The parties here agreed that the policy would cover only an “accident” and would not apply to certain acts “expected or intended” by RJC. When they did so, they could reasonably have anticipated that the rules of respondeat superior would govern the question of when a corporate entity is deemed to expect or intend its employee’s actions. Since the masseur’s actions here were not RJC’s actions for purposes of the respondeat superior doctrine, they were “unexpected, unusual and *165unforeseen” from RJC’s point of view, and were not “expected or intended” by RJC. Accordingly, they were an “accident,” within the coverage of the policy, and were not excluded by the “expected or intended” clause.
B. The “Body Massage” Issue
Like Supreme Court, we find the question of whether the “bodily injury” for which the Harrisons sued RJC arose out of a “body massage” to be a closer one, but like Supreme Court we resolve it in RJC’s favor.
It is true that the alleged act for which the Harrisons sued RJC occurred during a body massage.4 The insurance policy, however, does not exclude coverage for all alleged conduct during a body massage, but only for “injury . . . arising out of . . . [b]ody massage.” (Emphasis added.) We think the words of the exclusion are most plausibly read to refer to a bruise or similar injury inflicted on the customer by a massage itself, not to the emotional or physical injury resulting from a sexual assault by a masseur. At least that is a reasonable reading of the words, and an exclusion in an insurance policy can negate coverage only where it is stated “in clear and unmistakable language [and] is subject to no other reasonable interpretation.” (Continental Cas. Co. v Rapid-American Corp., 80 NY2d 640, 652 [1993].) We therefore hold the “body massage” exclusion to be inapplicable here.
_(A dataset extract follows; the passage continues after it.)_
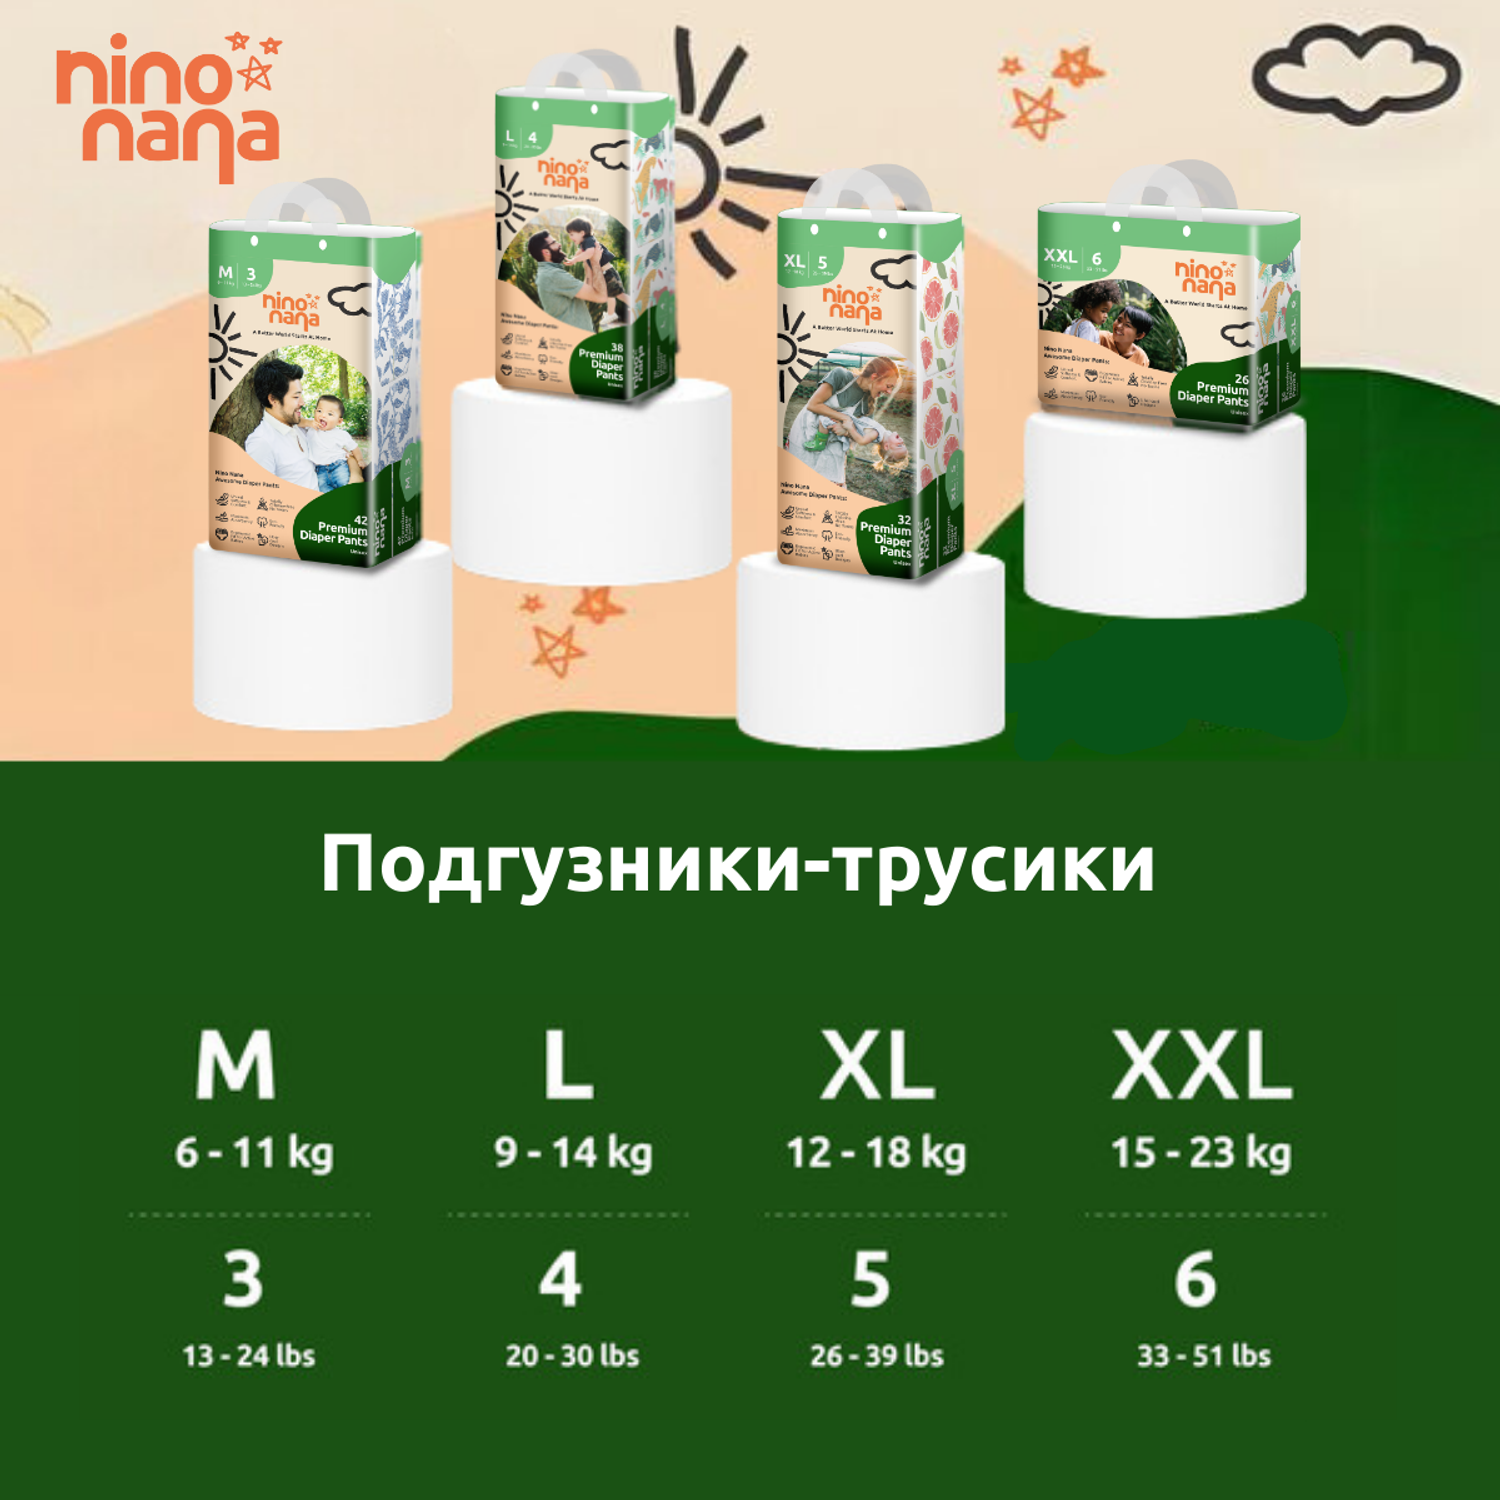 Коробка Подгузников-трусиков Nino Nana XXL 15-23 кг. 78 шт. - фото 2

Accordingly, the order of the Appellate Division should be reversed, with costs, and the judgment of Supreme Court reinstated.
Chief Judge Kaye and Judges G.B. Smith, Cipabick, Geaffeo and Read concur; Judge Rosenblatt taking no part.
Order reversed, etc.
. Utica National Insurance Group, apparently Republic’s parent or affiliate, is also a party in this case. It appears from the record that Republic is the corporation that actually issued the policy. “Republic” in this opinion refers both to Republic and to Utica National.
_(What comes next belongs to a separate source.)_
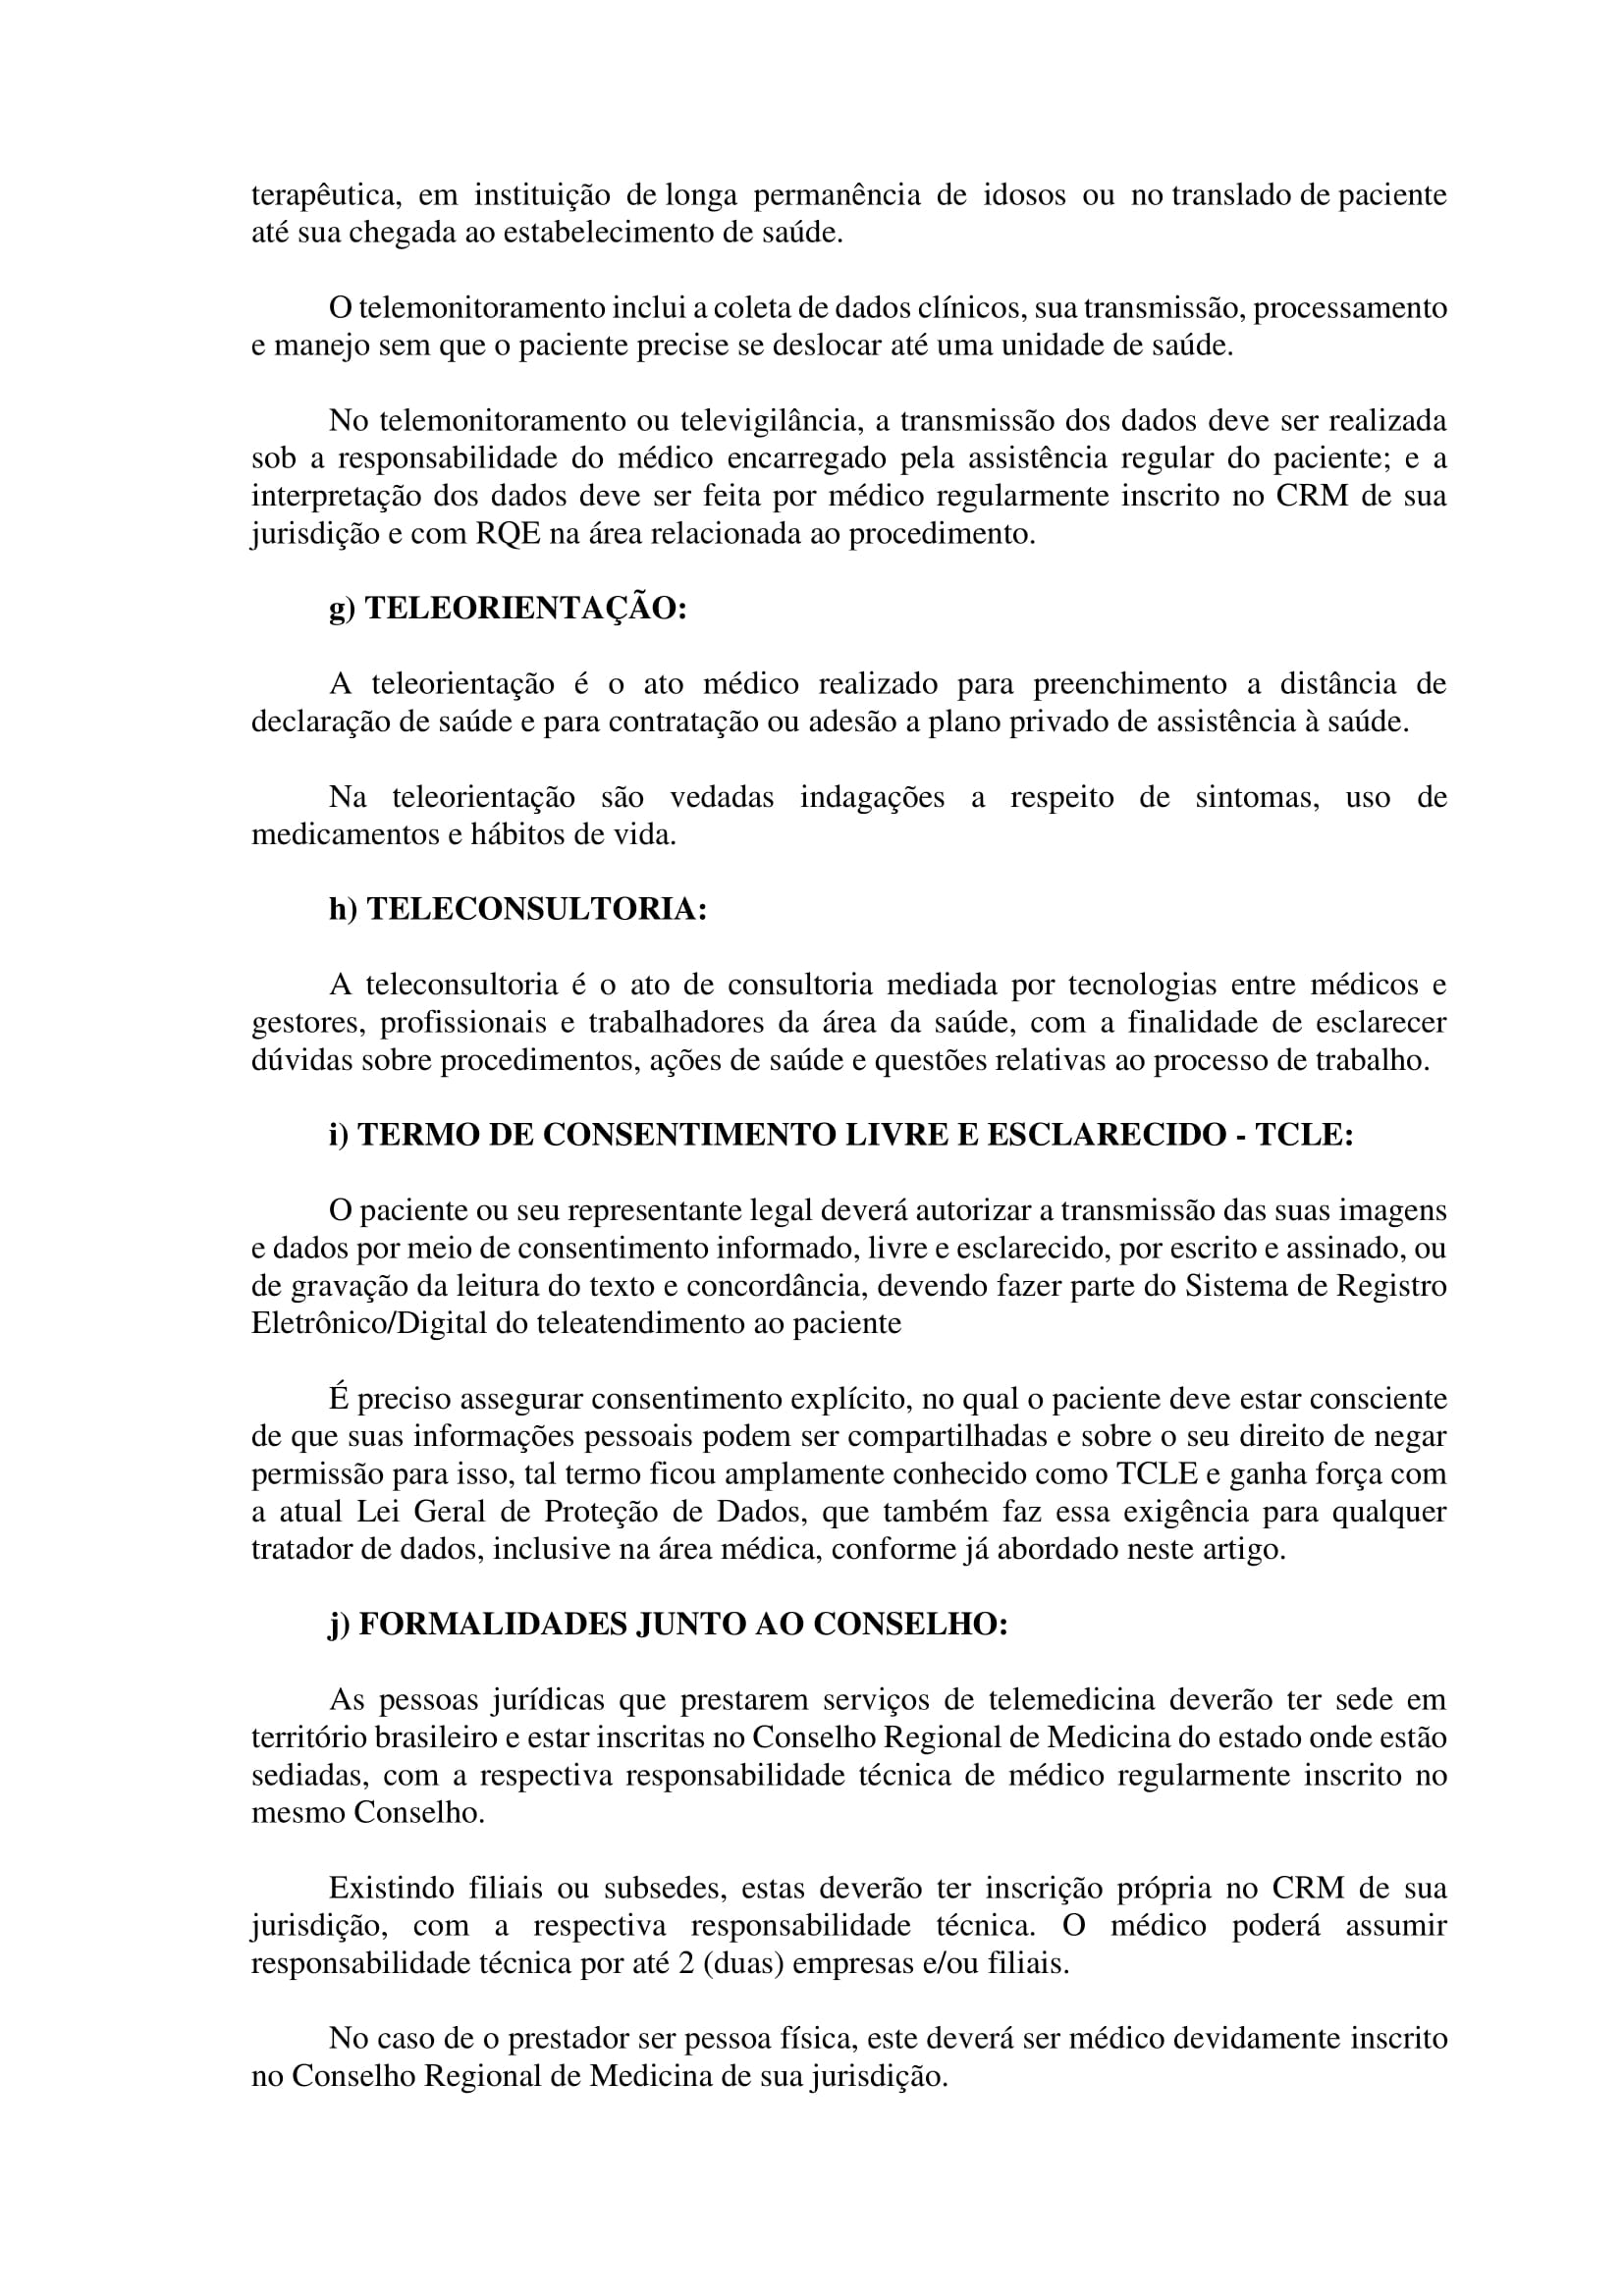 Artigo sobre Telemedicina e suas implicações regulatórias - Tiago Torres-07

. The policy’s definition of “bodily injury” includes “[s]hock, mental anguish or mental injury.” It is not disputed that the injury involved in this case is “bodily injury” within the meaning of the policy.
. RJC raises an issue as to the timeliness of Republic’s disclaimer. That issue is moot in light of our holding.
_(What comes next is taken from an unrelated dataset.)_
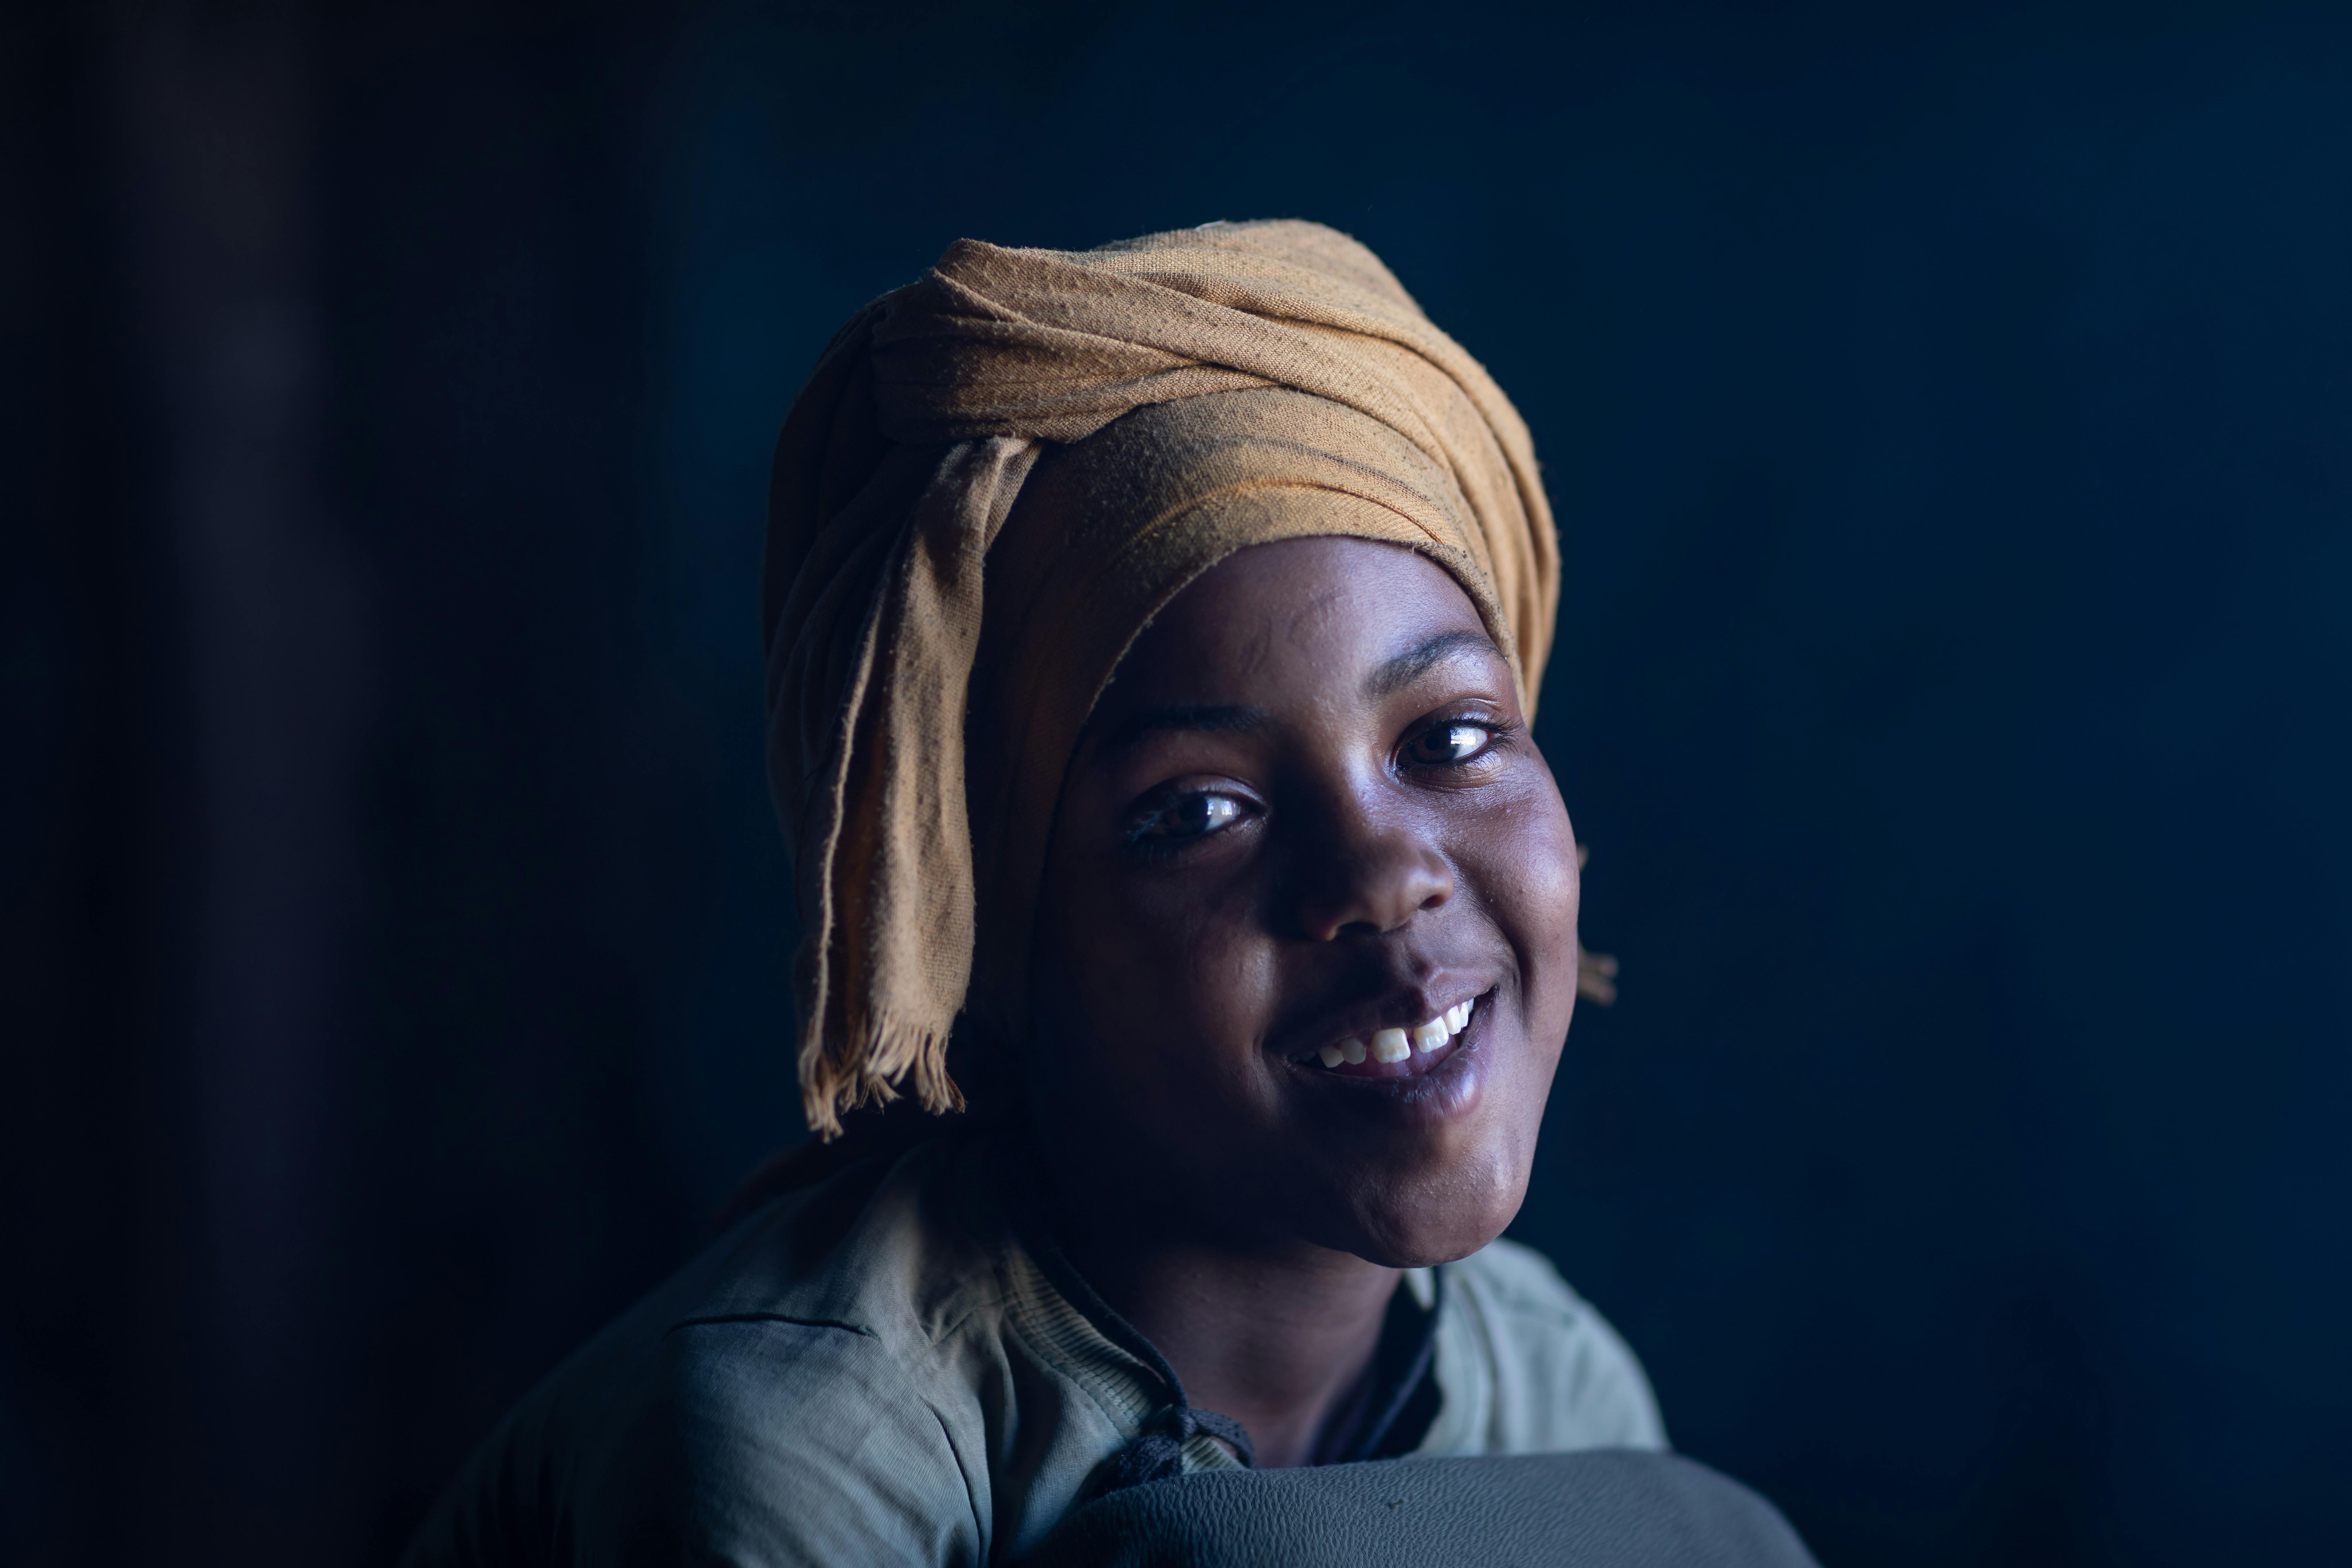 Etiopia:Mekiya sorride, è stata salvata dalla mutilazione genitale a cui la famiglia voleva sottoporla. Questo grazie alla sua migliore amica

. The Harrisons’ complaint alleges that the masseur gave Mrs. Harrison a body massage and that he committed sexual assault, but does not specifically say that the two acts were simultaneous. That is the likeliest inference from the complaint, however, and the letter from RJC’s attorney notifying Republic of the claim specifically refers to “sexual abuse involving a customer during the course of a massage.”